The woman before me was his lost high school love. I think she hates me, and I understand that. But I hope at some point in time she knows that I did not have even a whisper of warning about her until a couple of weeks ago. And me? I was the girl from high school he never got a chance with. He watched me from afar for years and couldn’t muster the courage to speak to me. Mind you, neither of those stories were spoken to just us women, they were told to our friends. But their story? I'm not sure it can ever be spun enough to make a beautiful beginning.

He used this new woman as his scapegoat from reality. He whispered words to her to make her feel like she was extra special and different from the rest. She was the reason he could change for the better. I know that feeling all too well and it's so easy to get sucked into it. He used her place as a means to run away from putting his money where his mouth was, metaphorically and figuratively.
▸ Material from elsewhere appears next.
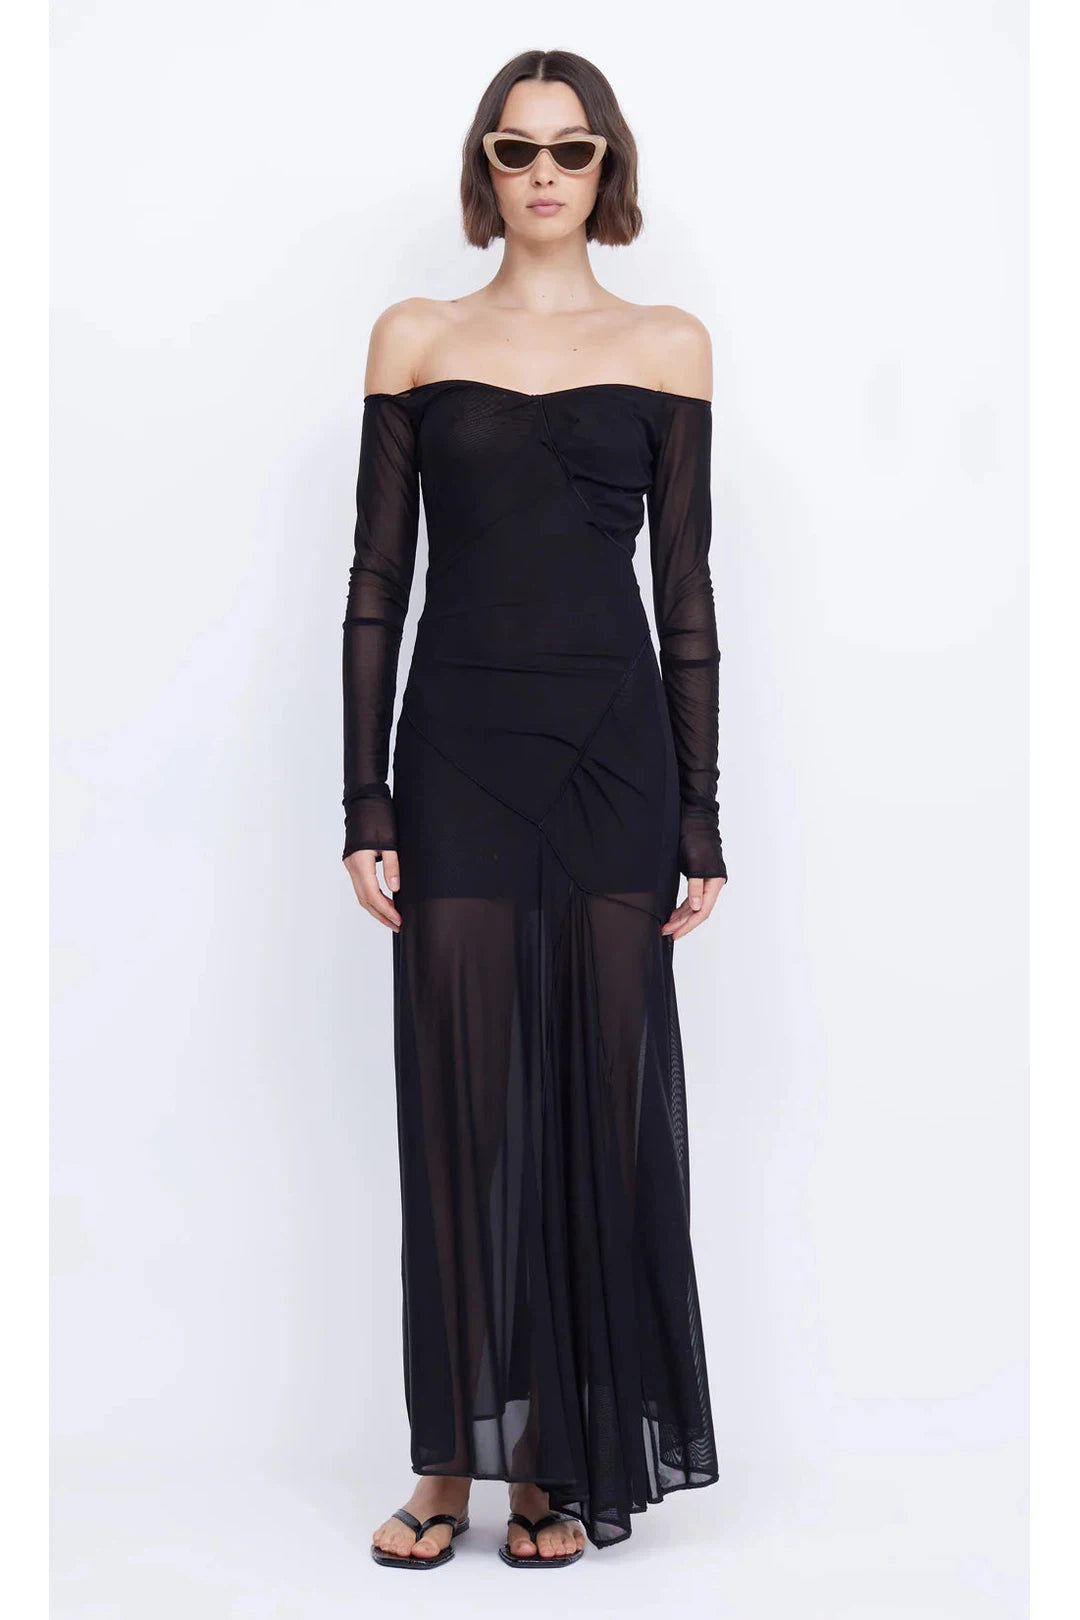 Isadora long sleeve dress, black

It was time to grow up and start walking the walk he was so keen on participating in and guiding me through. He's not chasing the game. He won me and then left me because the fun was over. But the joke is on him, my prize came in the form of clarity for seeing what he really is. 

She just really wants to believe him, and I understand that. I wanted to believe him too. I still do. But I’m also smarter than that. I’m also smarter than to become a pawn in their cover up. You can’t cover up the fact you brought a very attached man into your home when the idea of entertaining him should have never crossed your mind, instead it should have been a big, bright, glowing, red flag to run.

She’s got to realize that I was told the same sweet things. The same “I’ve never felt like this before,” it was told to me ... the same was told my mother ... the same was to told OUR friends ... How can you be “baby” now when just a couple weeks ago I was told that I’d always be his baby as he walked out my front door with bags in his hand - headed to your house? And if it’s not your house, or your bed, it’s another woman’s. Within less than one year he’s moved into three women’s lives, in a way that was selfish, cruel, and clearly ... wrong.

“Grace, there is no one else. There never will be anyone else,” he repeated.

Strange isn’t it?

That’s called getting played. And right now he’s out of moves. The only move he has is the only woman that’s giving him an option. The only move he has is to save as much face with the option that has his new job attached to it because it could get really, really hostile on the bench. A job that he wanted to further his career and “family,” - his reference to me and Claire, not my own.

Signing off with a whole lot of Blue Devil Pride 💙💙💙

P.S. I suggest taking a really good listen to Taylor Swift's "Getaway Car."